The RTDIP development team have found this to be the most performant method of connecting to RTDIP leveraging the arrow implementation within Turbodbc to obtain data, but requires a number of additional installation steps to get working on OSX, Linux and Windows
- ODBC or JDBC are required to leverage TURBODBC. Follow these instructions to install the drivers in your environment.
- Boost needs to be installed locally to use the TURBODBC SQL Connector (Optional)
from rtdip_sdk.connectors import TURBODBCSQLConnection
server_hostname = "server_hostname"
http_path = "http_path"
access_token = "token"
connection = TURBODBCSQLConnection(server_hostname, http_path, access_token)
Replace server_hostname, http_path and access_token with your own information.
For more information about each of the connection methods, please see Code Reference and navigate to the required section.
Functions
Finally, after authenticating and connecting using one of the methods above, you have access to the commonly requested RTDIP functions such as Resample, Interpolate, Raw, Time Weighted Averages or Metadata.
1. To use any of the RTDIP functions, use the commands below.
from rtdip_sdk.queries import resample
from rtdip_sdk.queries import interpolate
from rtdip_sdk.queries import raw
from rtdip_sdk.queries import time_weighted_average
from rtdip_sdk.queries import metadata
2. From functions you can use any of the following methods.
Resample
resample.get(connection, parameters_dict)
Interpolate
interpolate.get(connection, parameters_dict)
Raw
raw.get(connection, parameters_dict)
Time Weighted Average
time_weighted_average.get(connection, parameter_dict)
Metadata
metadata.get(connection, parameter_dict)
For more information about the function parameters see Code Reference and navigate through the required function.
Example
This is a code example of the RTDIP SDK Interpolate function. You will need to replace the parameters with your own requirements and details.
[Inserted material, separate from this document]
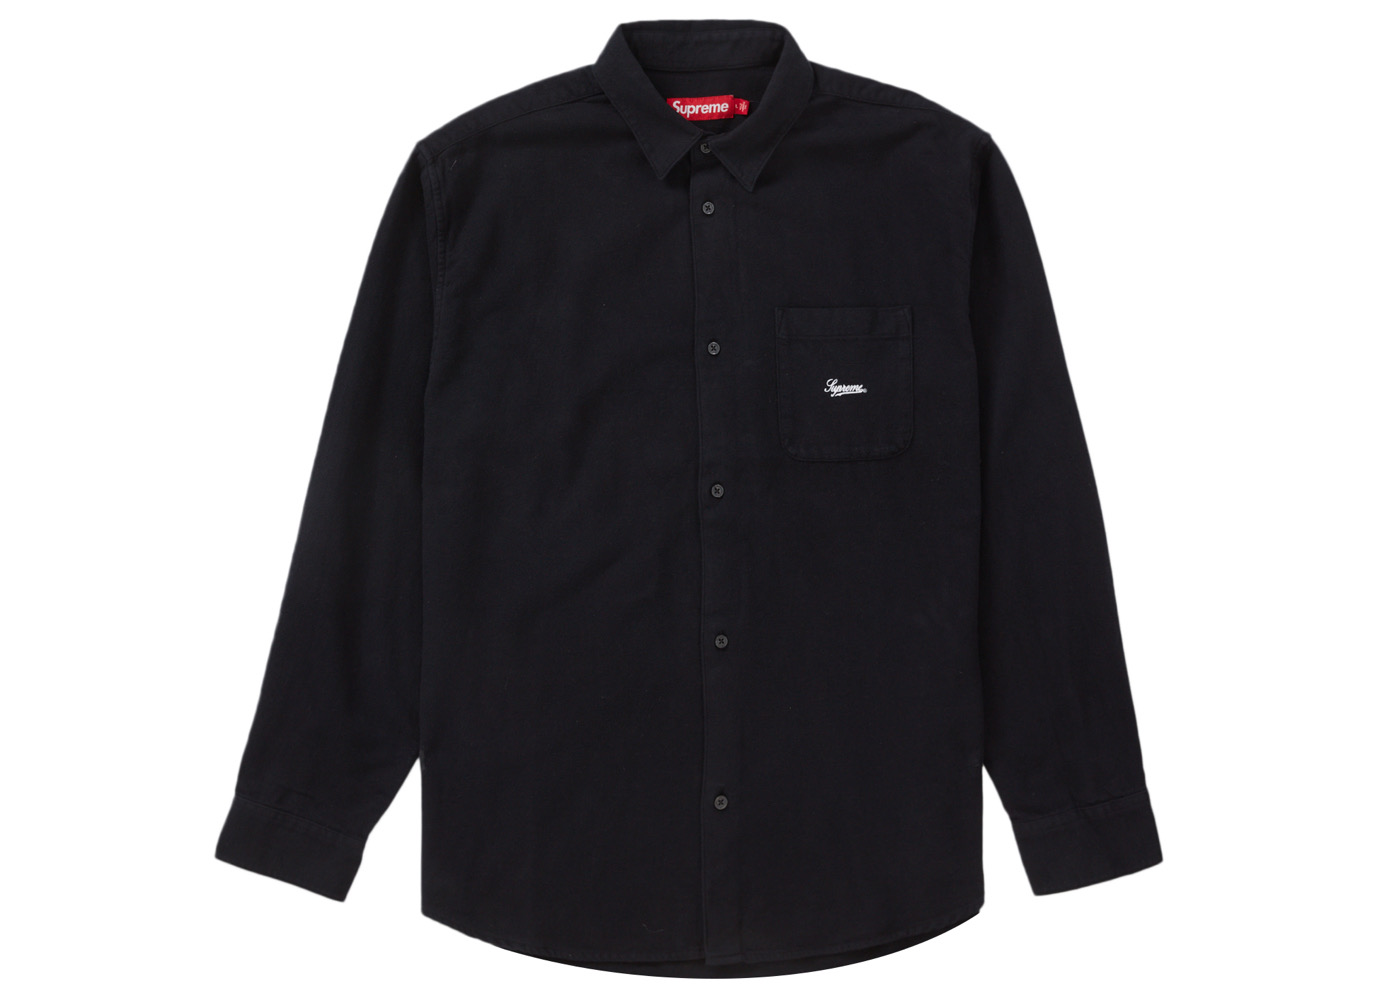 Supreme x Undercover short-sleeve Flannel Shirt - Farfetch

If you are unsure on the options please see Code Reference - Interpolate and navigate to the attributes section.
from rtdip_sdk.authentication import authenticate as auth
from rtdip_sdk.connectors import DatabricksSQLConnection
from rtdip_sdk.queries import interpolate
authentication = auth.DefaultAuth().authenticate()
access_token = authentication.get_token("2ff814a6-3304-4ab8-85cb-cd0e6f879c1d/.default").token
connection = DatabricksSQLConnection("{server_hostname}", "{http_path}", access_token)
parameters = {
"business_unit": "{business_unit}",
"region": "{region}",
"asset": "{asset}",
"data_security_level": "{date_security_level}",
"data_type": "{data_type}", #options are float, integer, string and double (the majority of data is float)
"tag_names": ["{tag_name_1}, {tag_name_2}"],
"start_date": "2022-03-08", #start_date can be a date in the format "YYYY-MM-DD" or a datetime in the format "YYYY-MM-DDTHH:MM:SS"
"end_date": "2022-03-10", #end_date can be a date in the format "YYYY-MM-DD" or a datetime in the format "YYYY-MM-DDTHH:MM:SS"
"time_interval_rate": "1", #numeric input
"time_interval_unit": "hour", #options are second, minute, day or hour
"agg_method": "first", #options are first, last, avg, min, max
"interpolation_method": "forward_fill", #options are forward_fill, backward_fill or linear
"include_bad_data": True #boolean options are True or False
}
result = interpolate.get(connection, parameters)
print(result)
Note
If you are having problems please see Troubleshooting for more information.
Conclusion
Congratulations! You have now learnt how to use the RTDIP SDK. Please check back for regular updates and if you would like to contribute, you can open an issue on GitHub. See the Contributing Guide for more help.